Last week, the U.N.'s Office for the Coordination of Humanitarian Affairs convened a meeting of donors, seeking to raise $7.7 million to re-energise peace talks between the Ugandan government and leaders of the rebel Lord's Resistance Army (LRA), who have been indicted by the U.N.-affiliated International Criminal Court (ICC) for war crimes committed during a brutal, two-decade insurgency in northern Uganda.

Deputy Emergency Relief Coordinator Margareta Wahlstrom told reporters at U.N. headquarters that "half that amount has been pledged, but is not in the cash box... We need all $7.7 million to ensure that we sustain the peace process."

Some of the expenses are relatively small. For example, at the request of the South Sudanese government, OCHA recently raised and paid $20,000 for the construction of an airstrip in Nabanga - a remote town on the border between Sudan and Democratic Republic of Congo, 7 kilometres from Garamba National Park where the rebel leadership is holed up. OCHA manages funds for the Juba Initiative Project, a mechanism set up to facilitate the peace talks and backed by a group of donors including Norway, Canada and Denmark.

Not satisfied with the prospect of an airstrip, the LRA has said it needs an additional $2 million before talks can continue. It wants the money ostensibly to fly 500 people - most of them local leaders from northern Uganda - to Nabanga, and to send fact-finding missions to South Africa, Sierra Leone, Argentina and other amnesty hotspots.

Wahlstrom said OCHA is raising fresh funds so that "people can come" to the peace talks and they are "paid for upkeep, that their hotel bills are paid". She described OCHA's work as "logistics and facilitation", acknowledging that it was "an unusual role".

OCHA spokesperson Stephanie Bunker subsequently explained that the $2 million demanded by the LRA could come out of the $7.7 million the United Nations is trying to raise, but it wasn't up to the world body to decide how the money would be used.

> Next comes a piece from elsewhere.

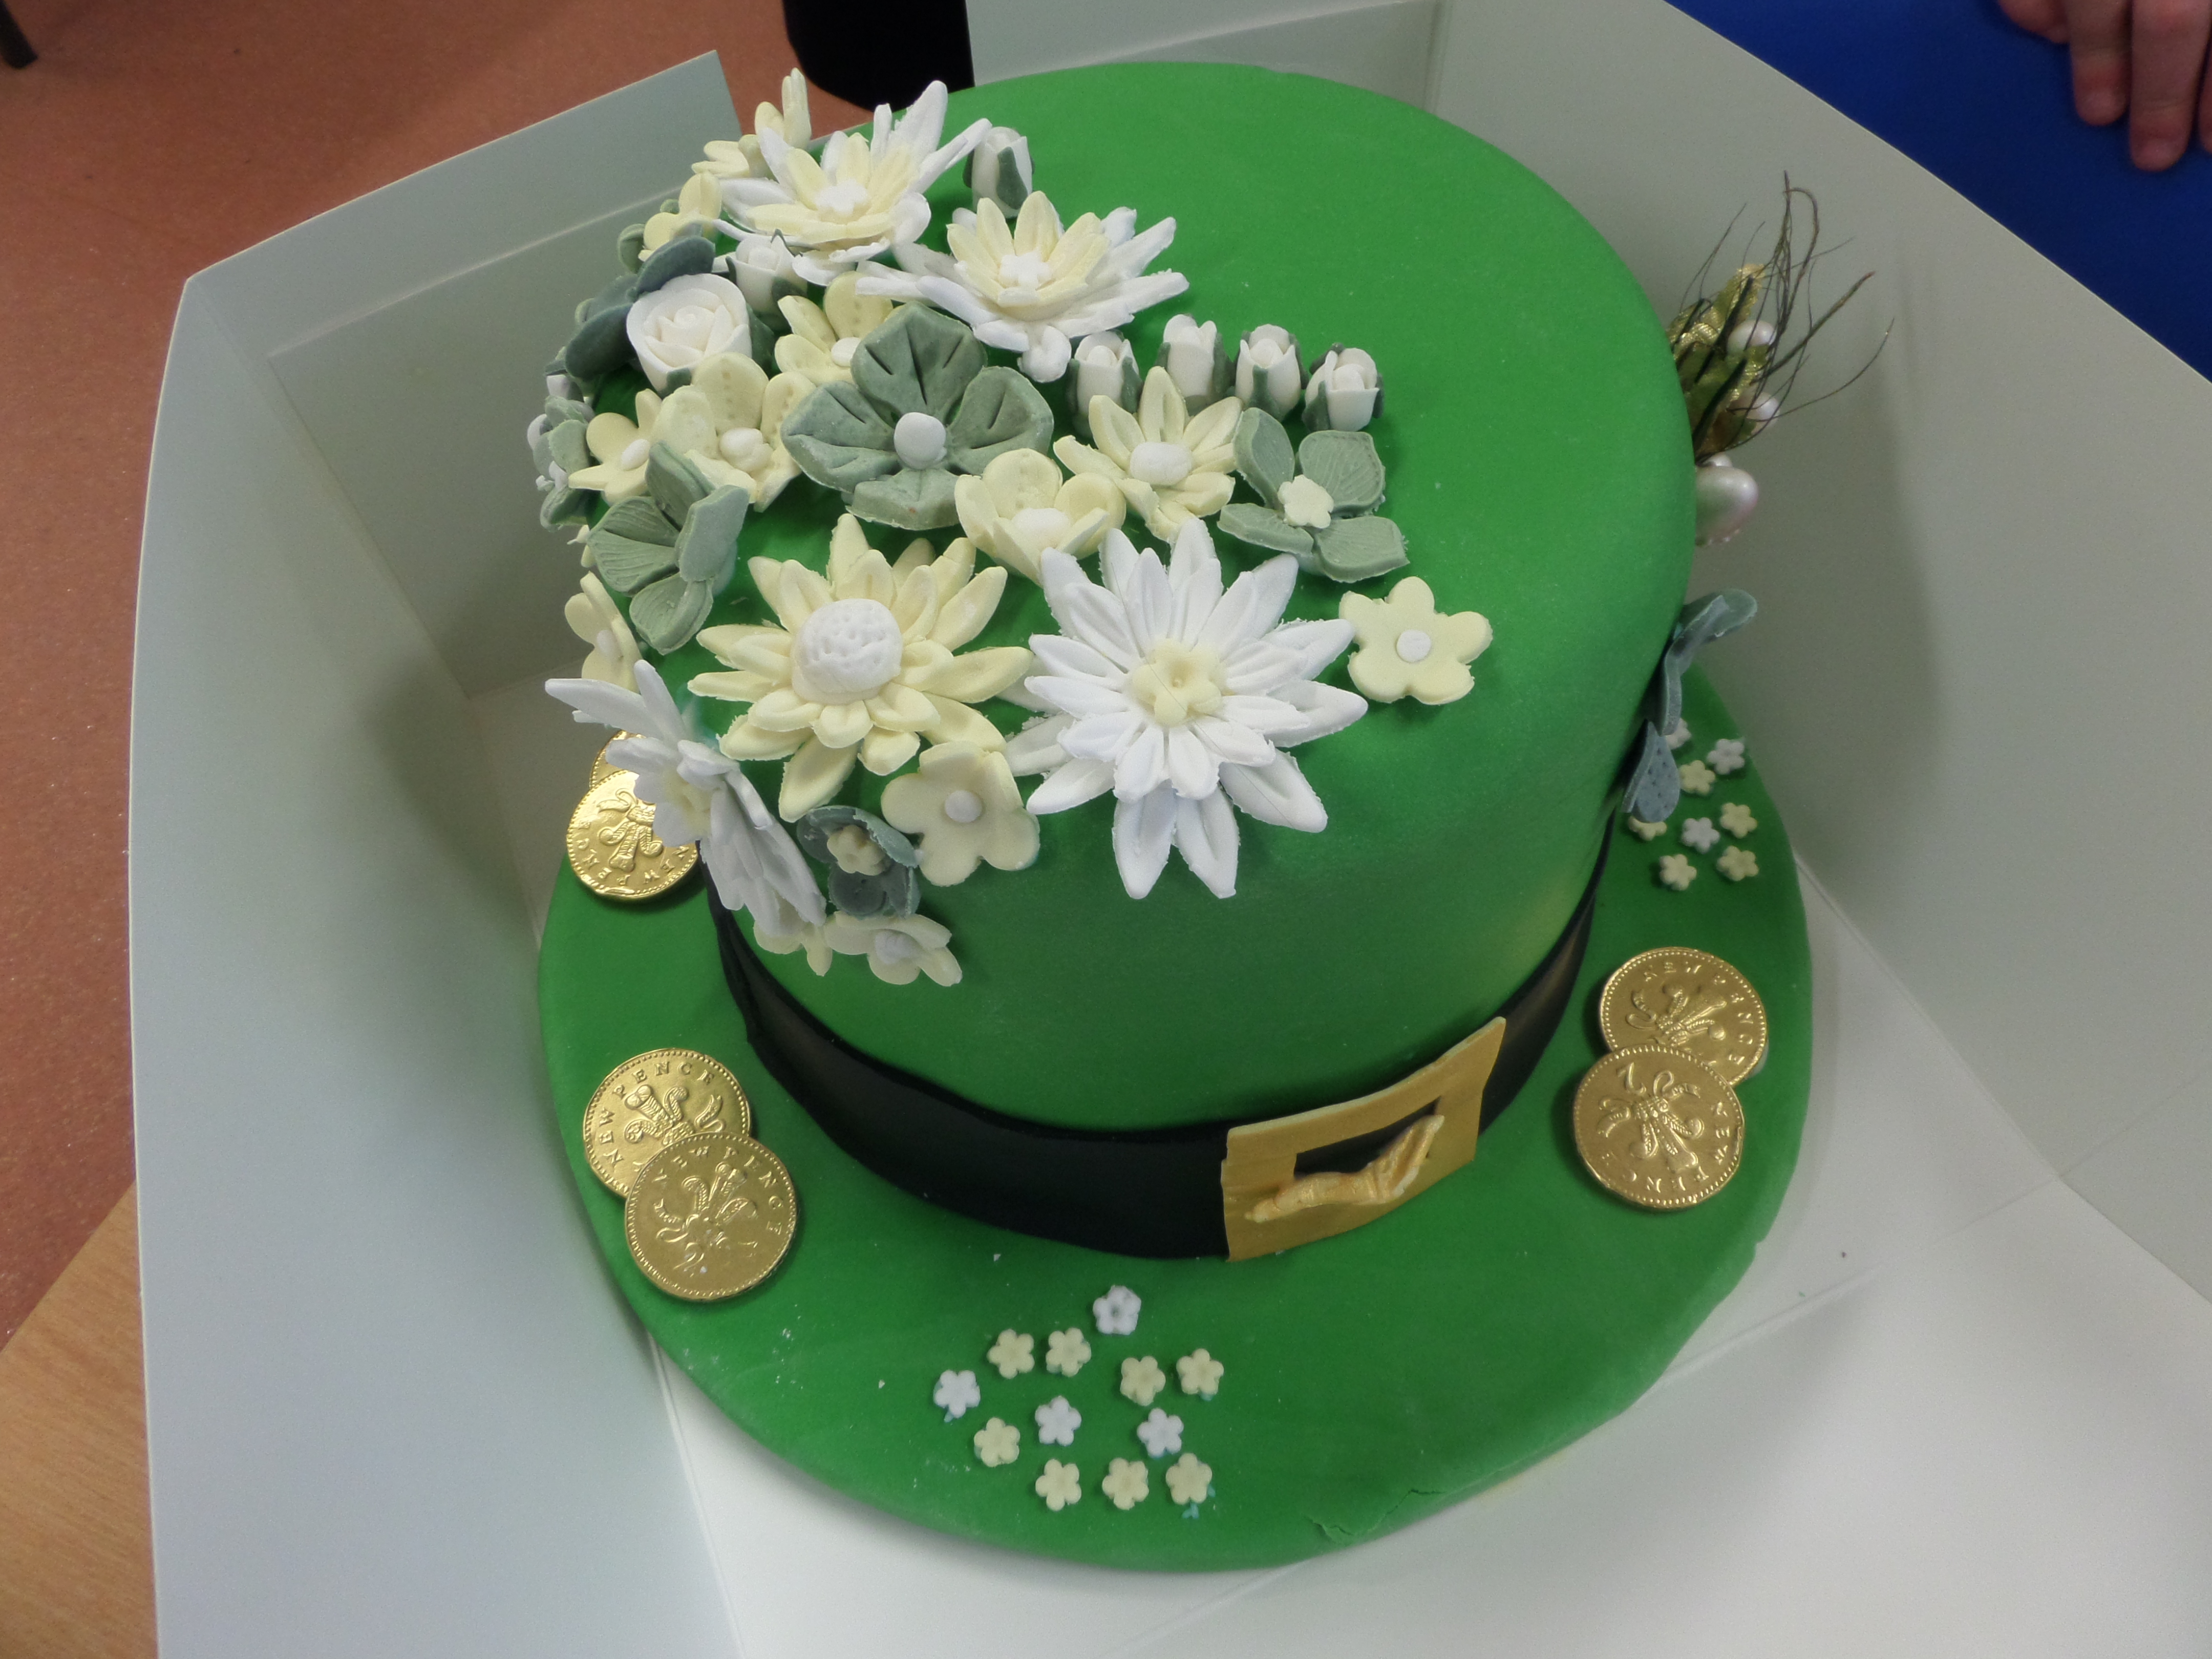 Irish hat cake

Uganda's Daily Monitor newspaper reported at the beginning of August that, up to that point, donors had rejected the LRA's budget for consultation as too expensive. But the paper also quoted the Chargée d'Affaires at the French Embassy, described as an EU spokeswoman, as saying: "The European Union has not shunned it at all. What must be put into clear perspective is that the EU respects and considers the mediation of the talks through Dr Riek Machar and the Government of South Sudan as the best way to have all such requests conveyed."

Machar, south Sudan's vice president, has played a key role in the Ugandan peace negotiations, and a recent reduction in his governmental portfolio could be one factor slowing things down. But the Monitor reported at the end of July that the LRA was also blaming the United Nations: "The rebels say although they are not in the talks with the Ugandan Government for monetary gains, the U.N. accounting office had not paid their allowances and consultation fees for one month. They say the allowances were approved by mediator Riek Machar."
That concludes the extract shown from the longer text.